In “Memories of Murder” (2003), which follows an investigation into a small-town serial killer, we see the three detectives on the case struggle until they nearly commit a murder, themselves. The moment provokes horror but it conjures something like heartbreak, too; each failure in the investigation has made them less and less certain of what had once been incontrovertible, and they’ve reached a breaking point. When faced with the evidence that that killer isn’t who he thought it was, Tae-yoon (Kim Sang-kyung), whose mantra had been “the documents don’t lie,” casts the damning papers into the mud.
“Mother” (2009) drives the point home even further, as it starts with duress rather than building up to it. When Do-joon (Won Bin) is arrested for murder, his mother (Kim Hye-ja) begins a mission to prove him innocent. There’s no real antagonist in the movie—there’s no creature, there’s no serial killer, there’s no evil corporation. The monster, looming even larger than the possibility of miscarriage of justice or the suspicion of guilt, is the mother herself. We want her to succeed in clearing her son’s name, but the cost at which it seems to be coming is almost impossible to reckon with. What makes the film wrenching isn’t her descent—we already know that a mother’s love is inexorable—but her own cognizance of it. “Memories of Murder”’s mirror is the killer; “Okja”’s mirror is the super-pig; “Mother”’s mirror is the title character.
This fascination with monsters informs the entire body of Bong Joon-ho’s work. His trademark drastic tonal shifts (“Memories of Murder” has its share of slapstick comedy before descending into utter darkness; “The Host”’s monster madness gives way to a study of grief; “Okja” begins in the idyllic mode of girl-and-her-pig prior to shuttling its audience to the slaughterhouse) shouldn’t work, let alone as well as they do, but they mesh perfectly with the way that Bong refuses to define his characters in black and white. Sadness isn’t always extricable from joy; good often comes with bad. Similarly, this complexity can also be found in the constant presence of more political themes in his work, with government ineptitude factoring heavily into “The Host” and “Memories of Murder” (specifically with regards to South Korean and American relations in the former, and the fight for democracy in the latter), and a broader commentary on consumerism playing into “Okja.”

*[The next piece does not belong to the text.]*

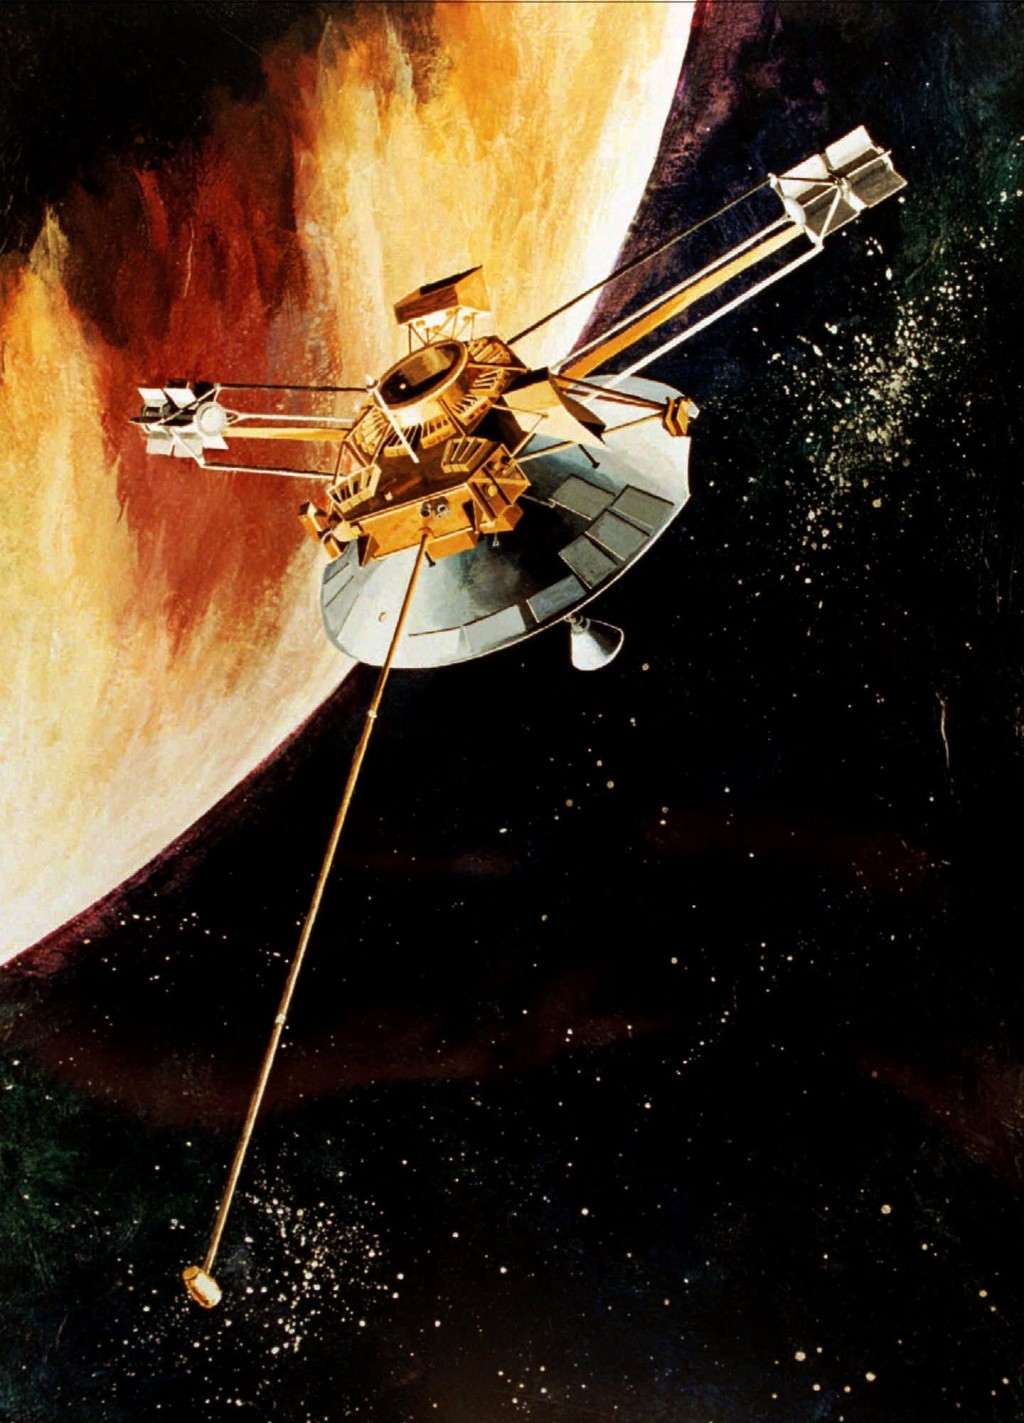 画家笔下“先锋10号”在1973年飞越木星的情景。 美联社
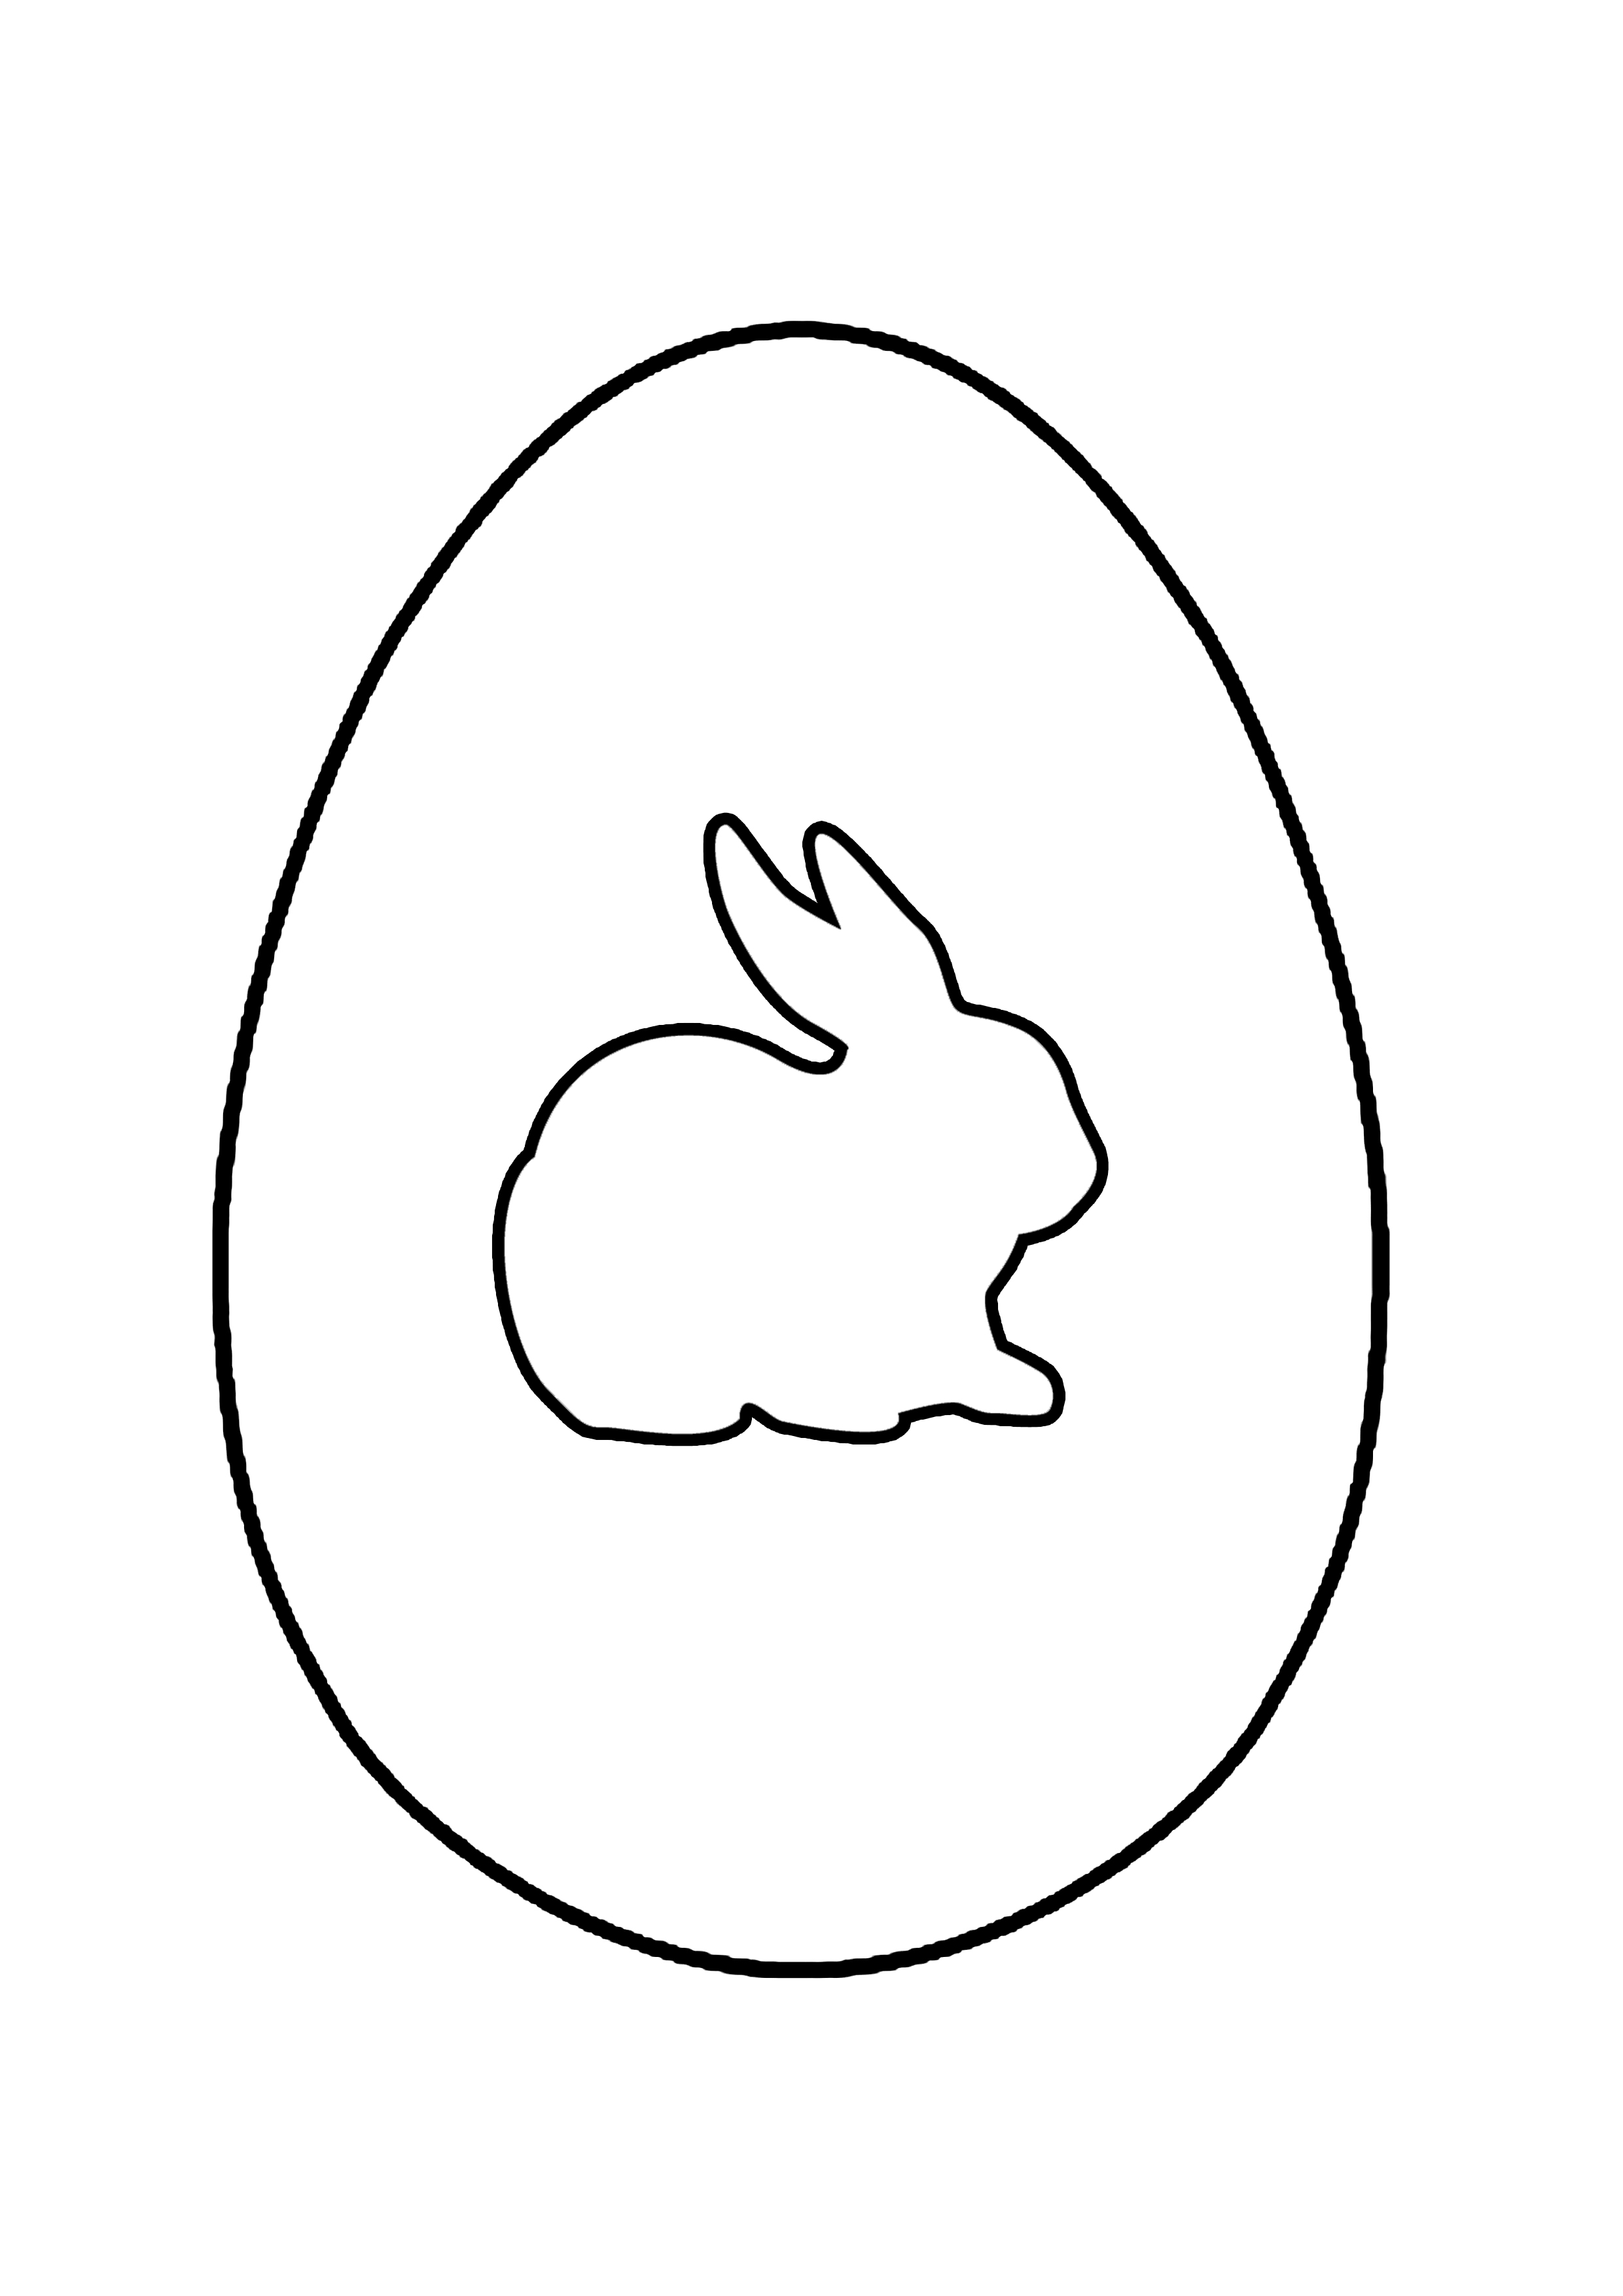 Распечатать раскраску яйца. Яйцо для раскрашивания. Яйцо трафарет. Пасхальное яйцо раскраска. Яйцо раскраска для детей.

To wit, the endings of his movies are rarely tidy. The serial killer in “Memories of Murder” remains at large; “Okja” is rescued from the Mirando Corporation, but that’s just one pig among countless others that will still be turned into sausages, not to mention the fact that Mija still eats meat. They reflect the messy reality that they’re meant to portray, and to do anything else would be a betrayal. The key is that monstrousness isn’t a curse so much as it is a sign of being human. It never comes from a place of malice, and triumph—in whatever capacity it is within reach—demands the exercise of empathy and kindness. Bong Joon-ho loves monsters. His films ask that we love them too.